● PROVIDED MATERIAL
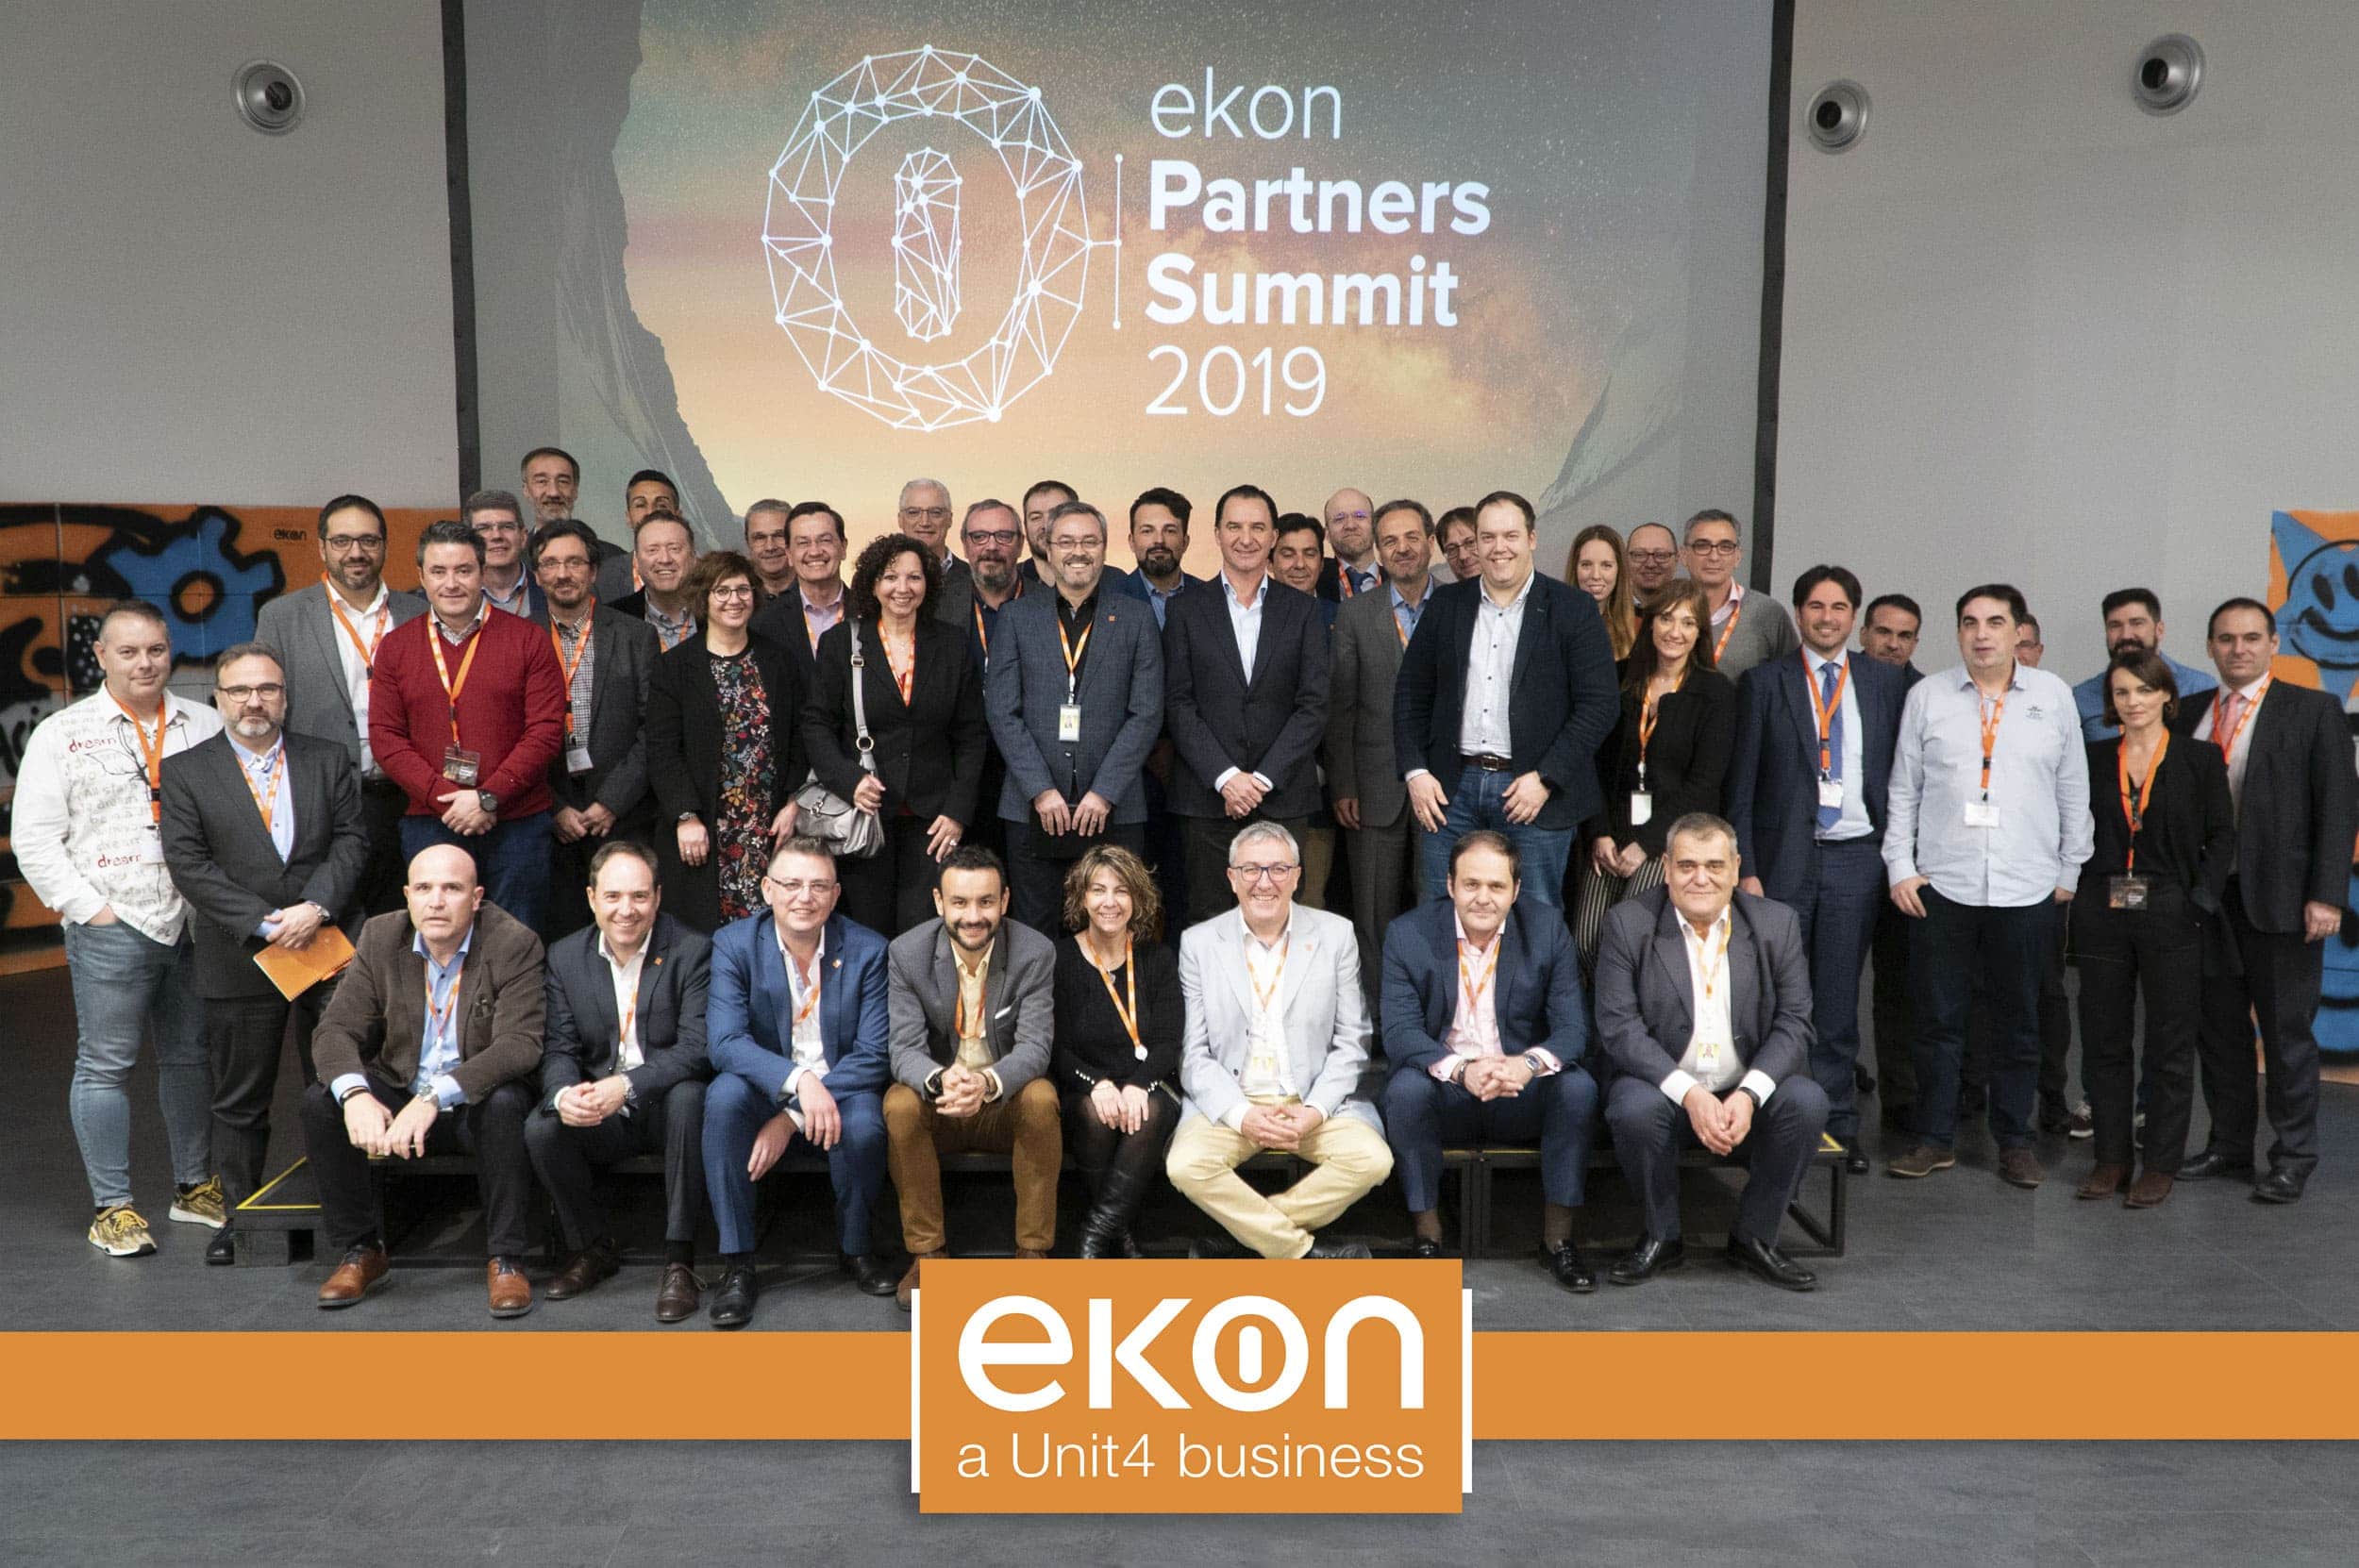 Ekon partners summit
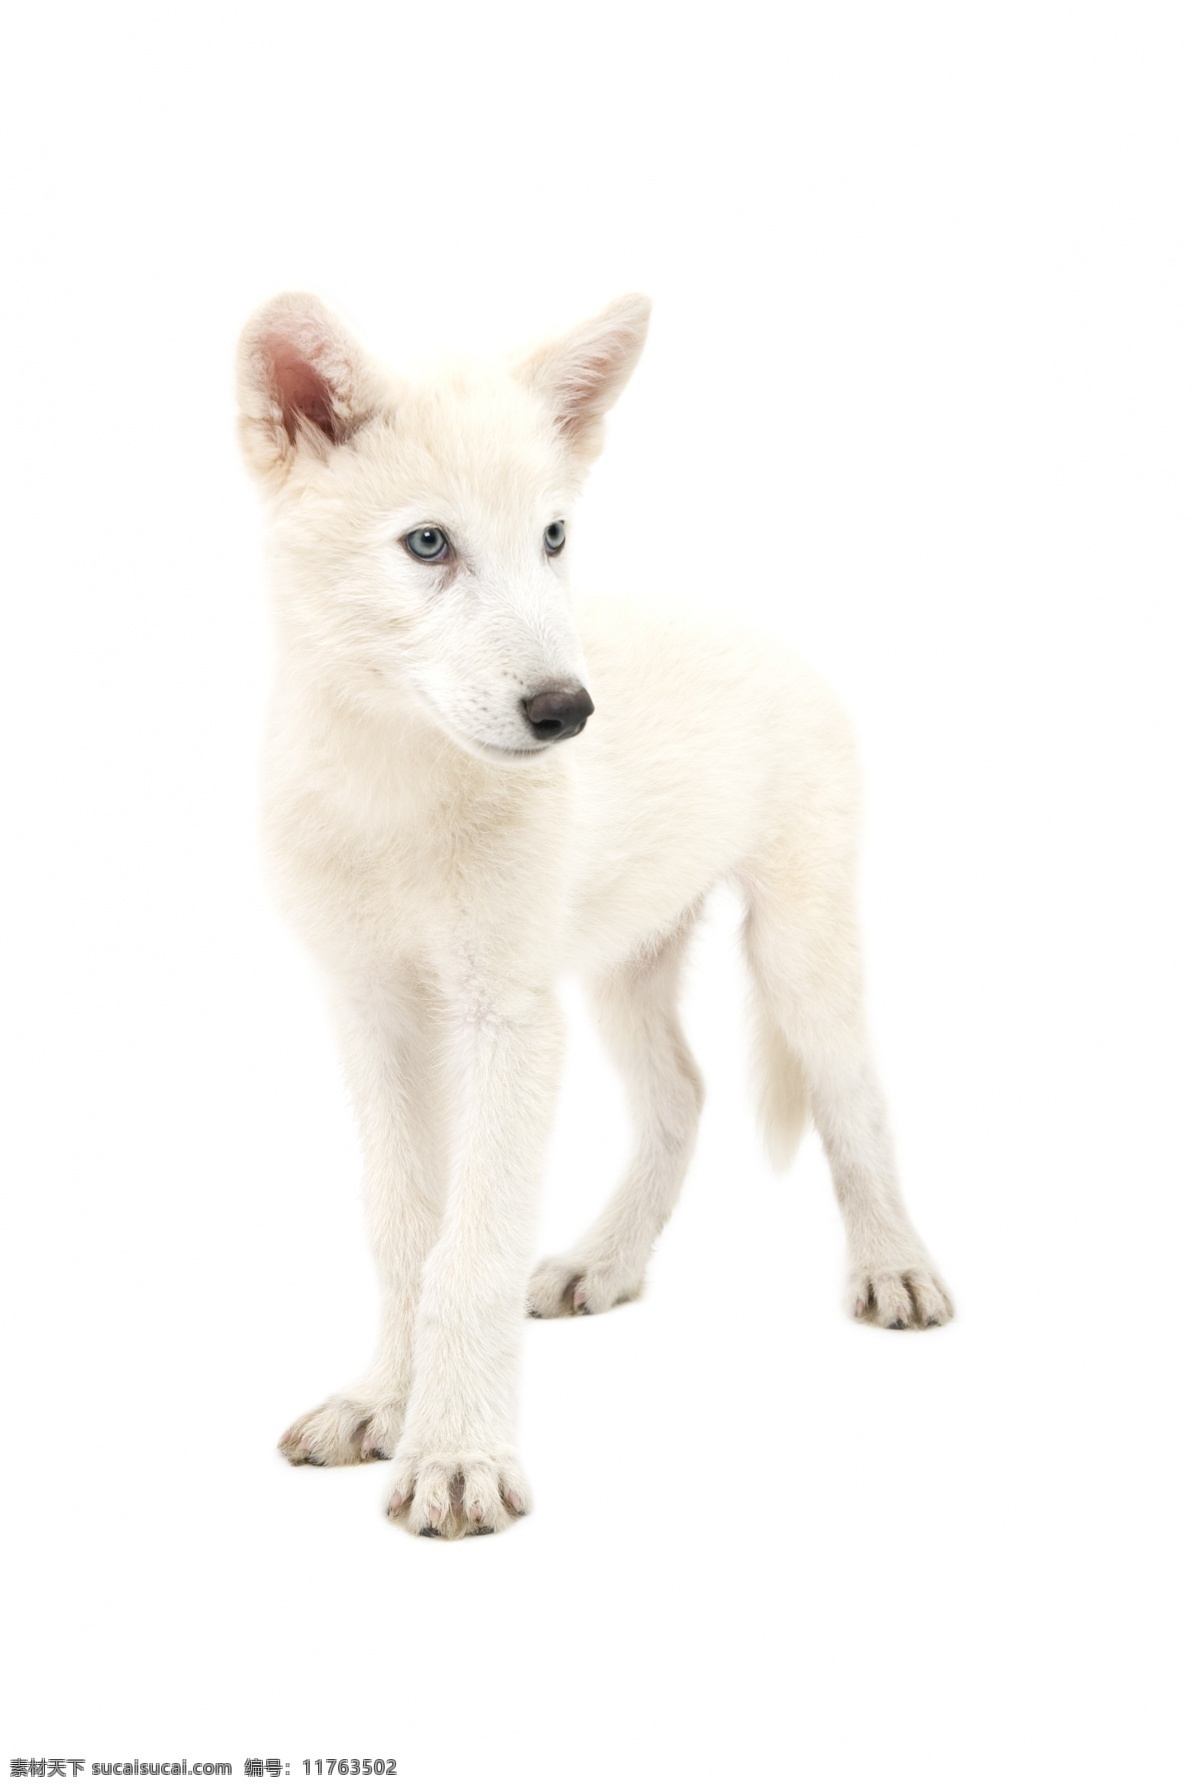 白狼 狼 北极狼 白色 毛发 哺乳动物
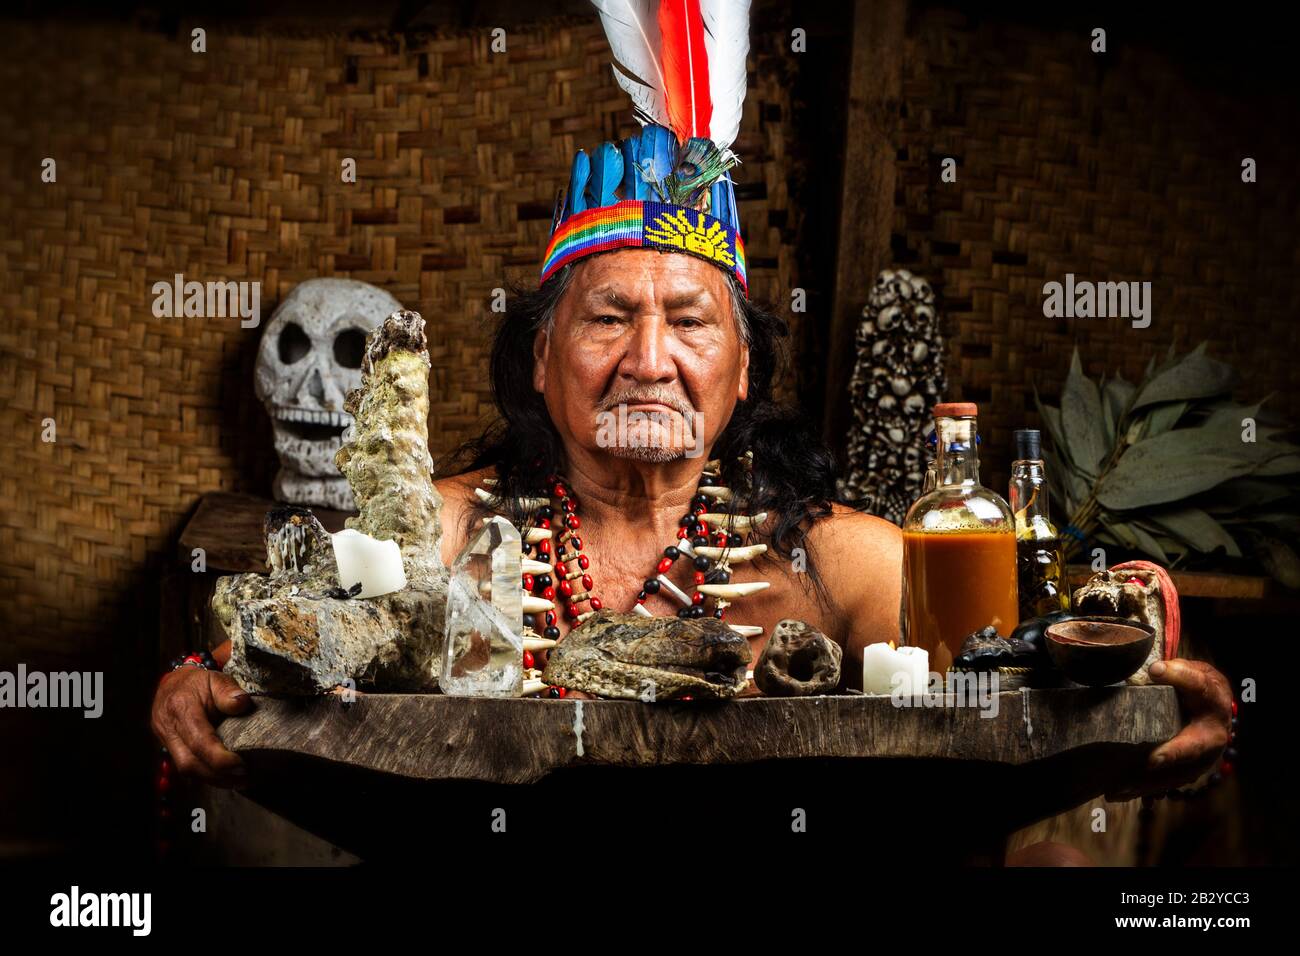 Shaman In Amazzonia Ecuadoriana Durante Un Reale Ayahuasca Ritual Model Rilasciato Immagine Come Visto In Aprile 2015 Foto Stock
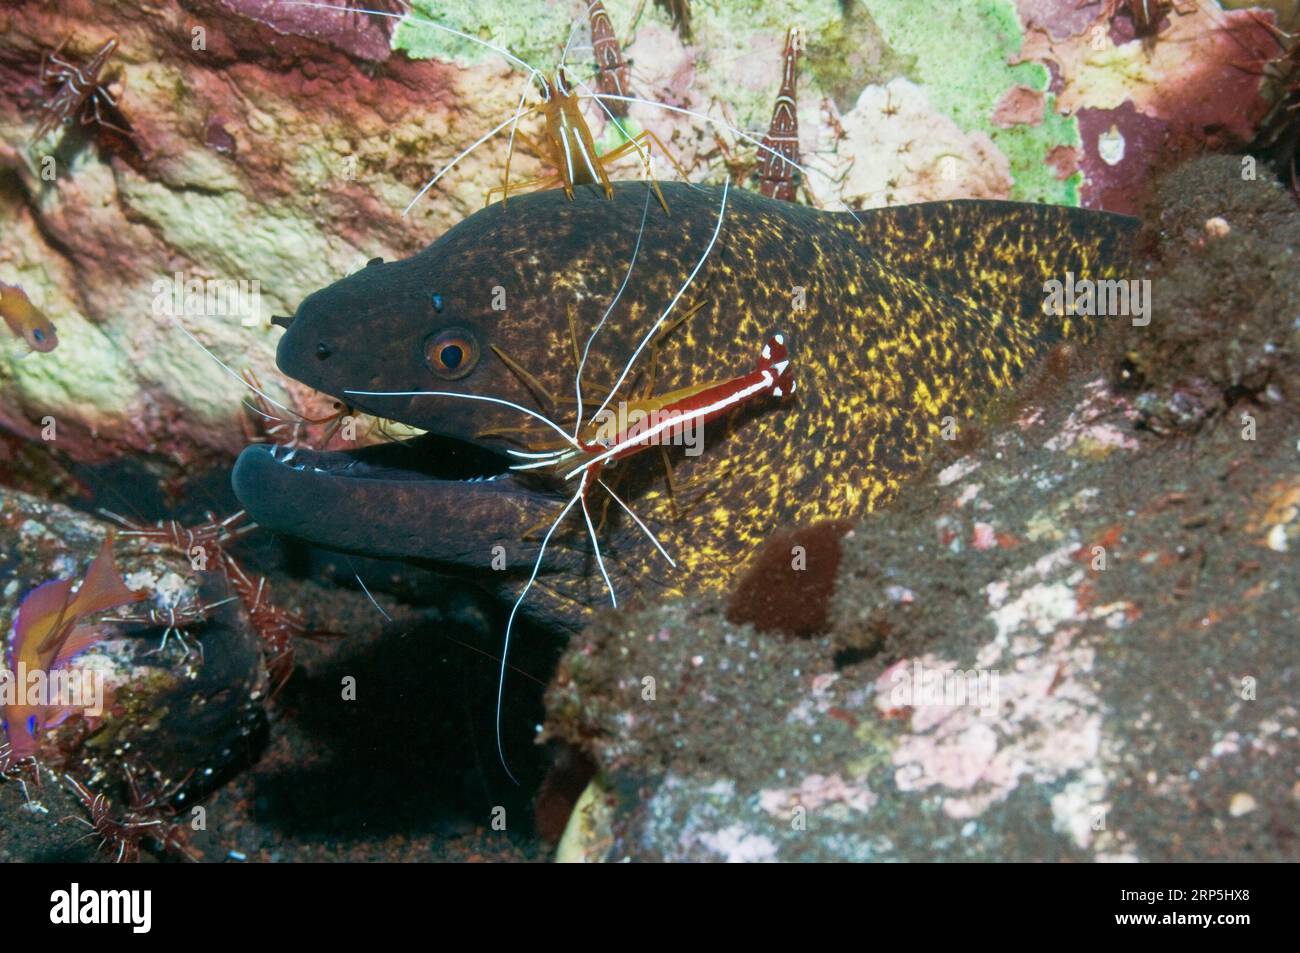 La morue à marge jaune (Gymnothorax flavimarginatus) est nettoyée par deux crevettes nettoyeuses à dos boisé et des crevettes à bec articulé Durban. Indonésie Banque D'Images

● TASK PROMPT
Copy nothing but the lines from the line that contains "Shaman In Amazzonia" through the end of the listing, exactly, and keep pictures out of it.

● ANSWER TO THIS TASK
 Shaman In Amazzonia Ecuadoriana Durante Un Reale Ayahuasca Ritual Model Rilasciato Immagine Come Visto In Aprile 2015 Foto Stock
 La morue à marge jaune (Gymnothorax flavimarginatus) est nettoyée par deux crevettes nettoyeuses à dos boisé et des crevettes à bec articulé Durban. Indonésie Banque D'Images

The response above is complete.